As for whether Polanco, who only had a .651 OPS in 2024, is truly a viable solution at third base, well, that's a question only time and non-phony psychics can answer.
Just as a reminder, Bregman would have been perfect for the Mariners
Unlikely though a union between the two sides always was, one couldn't help but look at Bregman and the Mariners in the early stages of the offseason and think, "Hmmm, yes, that would work."
Third base was a weakness for Seattle amid an 85-win 2024 season that left the team just short of the playoffs, producing a .643 OPS, 12 home runs and 2.6 rWAR. Even in a down year for the Houston Astros, the 30-year-old Bregman had a .768 OPS, 26 homers and 4.1 rWAR.

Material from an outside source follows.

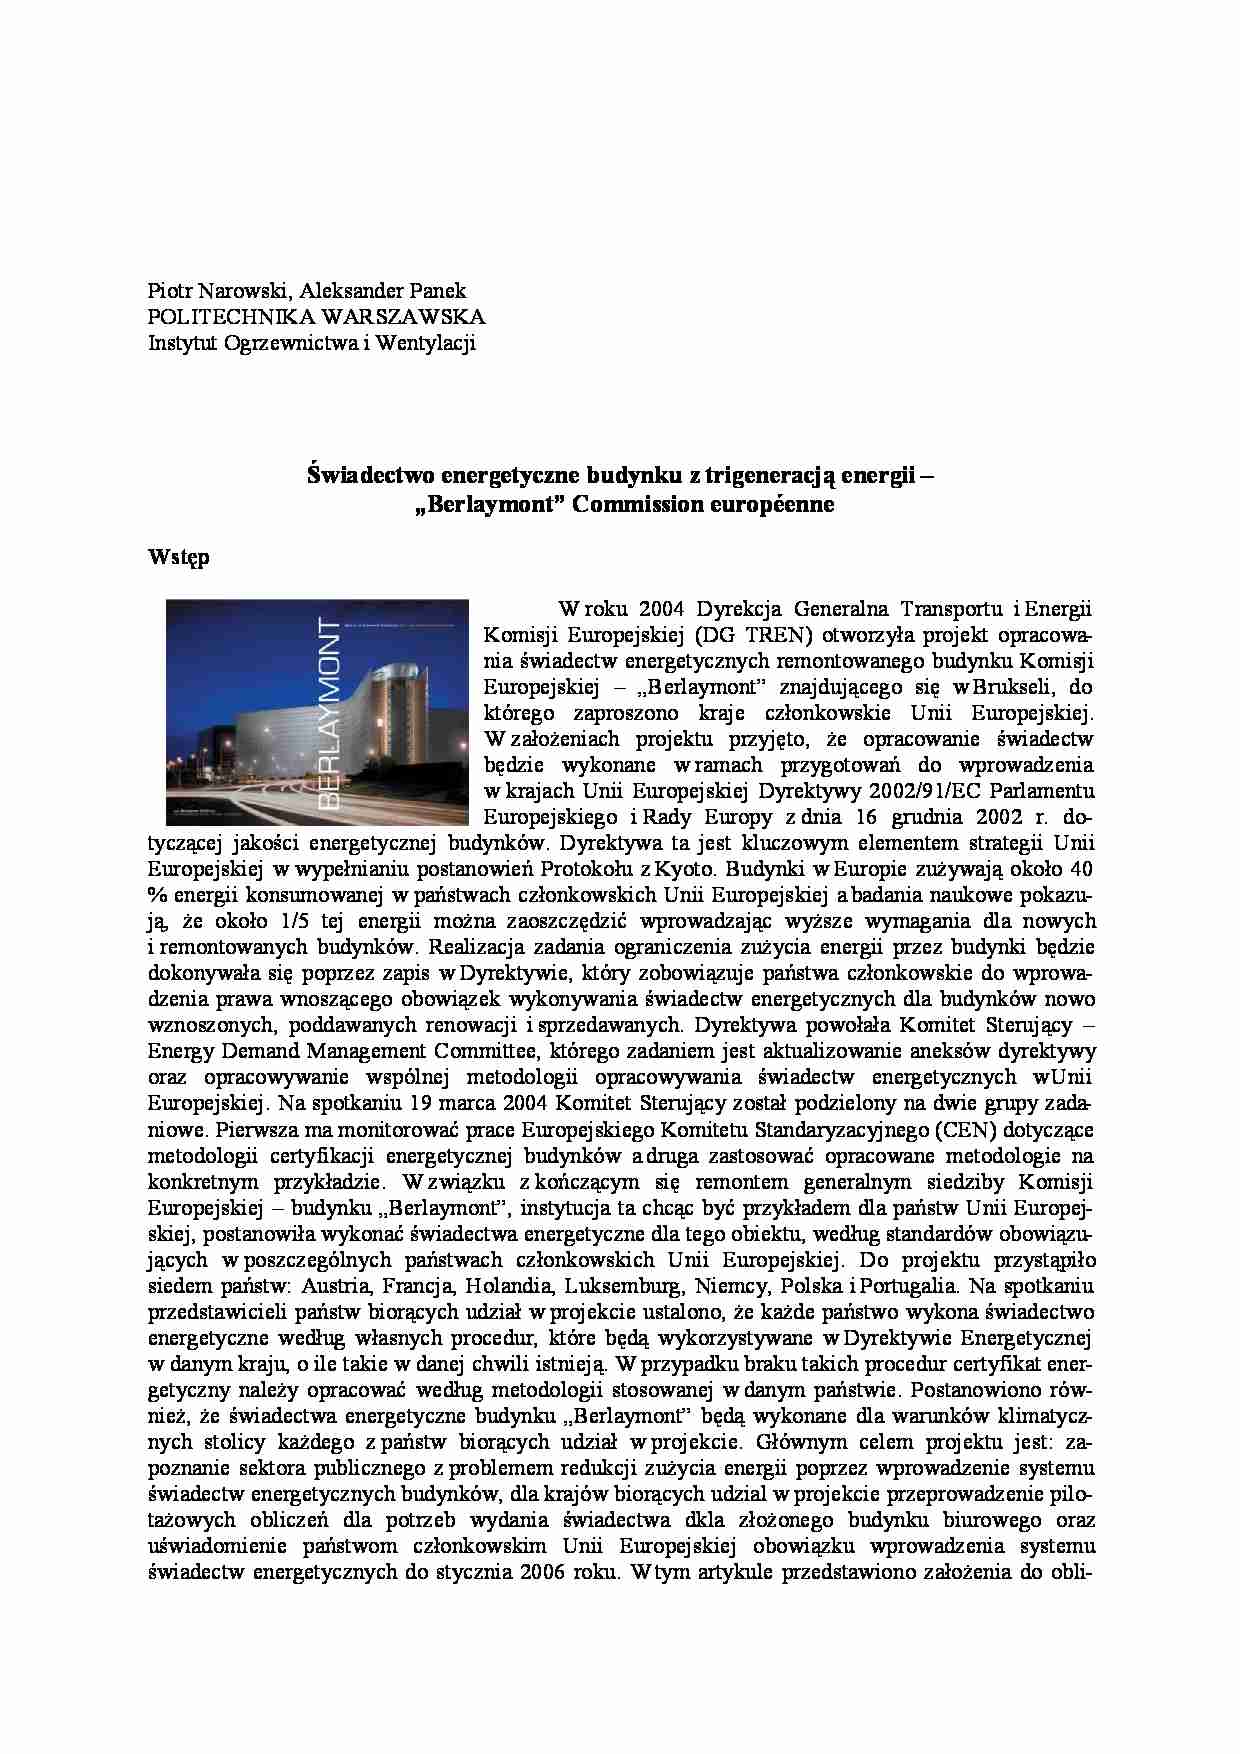 Świadectwo enegrytyczne budynku - certyfikat berlaymont - strona 1

This, of course, is not to mention a more specific quality of Bregman's that the Mariners could have used in 2024. He has been among the top 10 percent of hitters at avoiding strikeouts every year since 2018, whereas Mariners hitters fanned a league-high 1,625 times last season.
Alas, Mariners fans are now powerless as they watch the two-time All-Star put these tools to work in Red Sox camp. His professionalism has also had a palpable impact, for which Boston can thank its lucky stars. The last thing it needs is two unhappy third basemen.

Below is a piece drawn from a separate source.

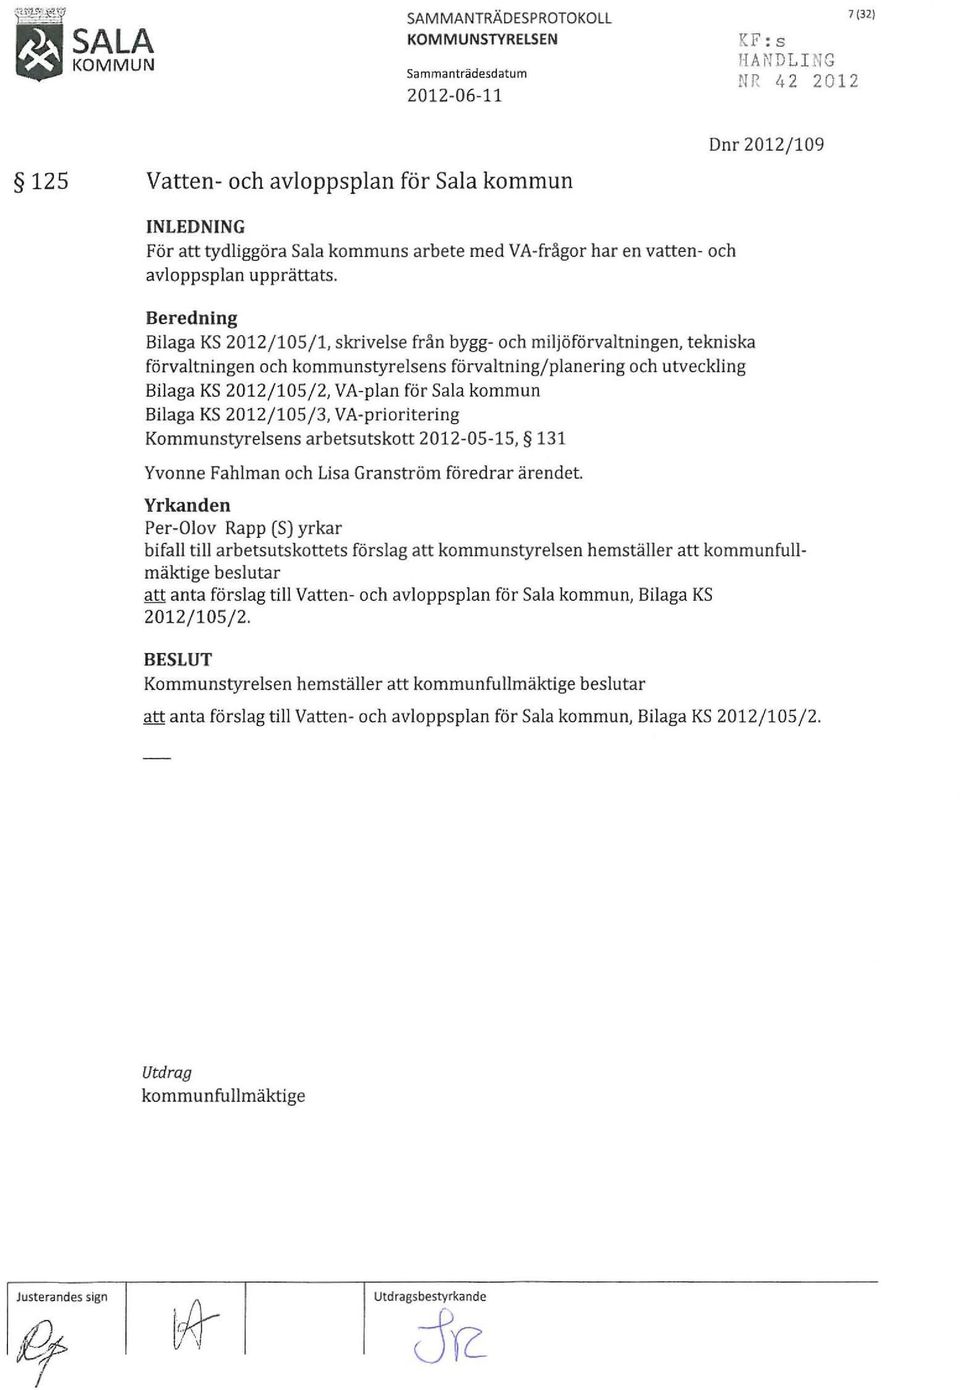 Beredning Bilaga KS 2012/ 105/ 1, skrivelse från bygg- och miljöförvaltningen, tekniska förvaltningen och kommunstyrelsens förvaltning/planering och utveckling Bilaga KS 2012/105/2, VA-plan för Sala

Signing players like Bregman shouldn't be impossible for the Mariners
In highlighting the Mariners as a plausible, if unlikely fit for Bregman in December, Matt Snyder of CBS Sports wrote that the team needed to be in "aggressive, win-now mode."
That was spot-on in theory. However, we eventually learned via separate reports from Daniel Kramer of MLB.com that the Mariners weren't sold on Bregman's hitting profile at T-Mobile Park (which is fair enough, actually) and that the team had a budget of just $15 million to spend on outside help.
It actually came in under that, with Spotrac putting Seattle's free-agent spending at $11.25 million.
Yet even if the Mariners' failure to sign Bregman is not surprising, it is still symbolically frustrating. Beyond its obvious win-now window, this is a franchise that also has ample resources. The Mariners pulled in $396 million in revenue in 2023 alone, according to Forbes, which ranked ahead of more free-spending teams like the New York Mets and Los Angeles Angels.
It is some comfort that FanGraphs gives the Mariners a 57.2 percent chance of making the playoffs anyway, but a team with arguably MLB's best starting rotation and a generational star in Julio Rodríguez frankly deserves better. And for this, fans can and should direct their consternation firmly in the direction of owner John Stanton.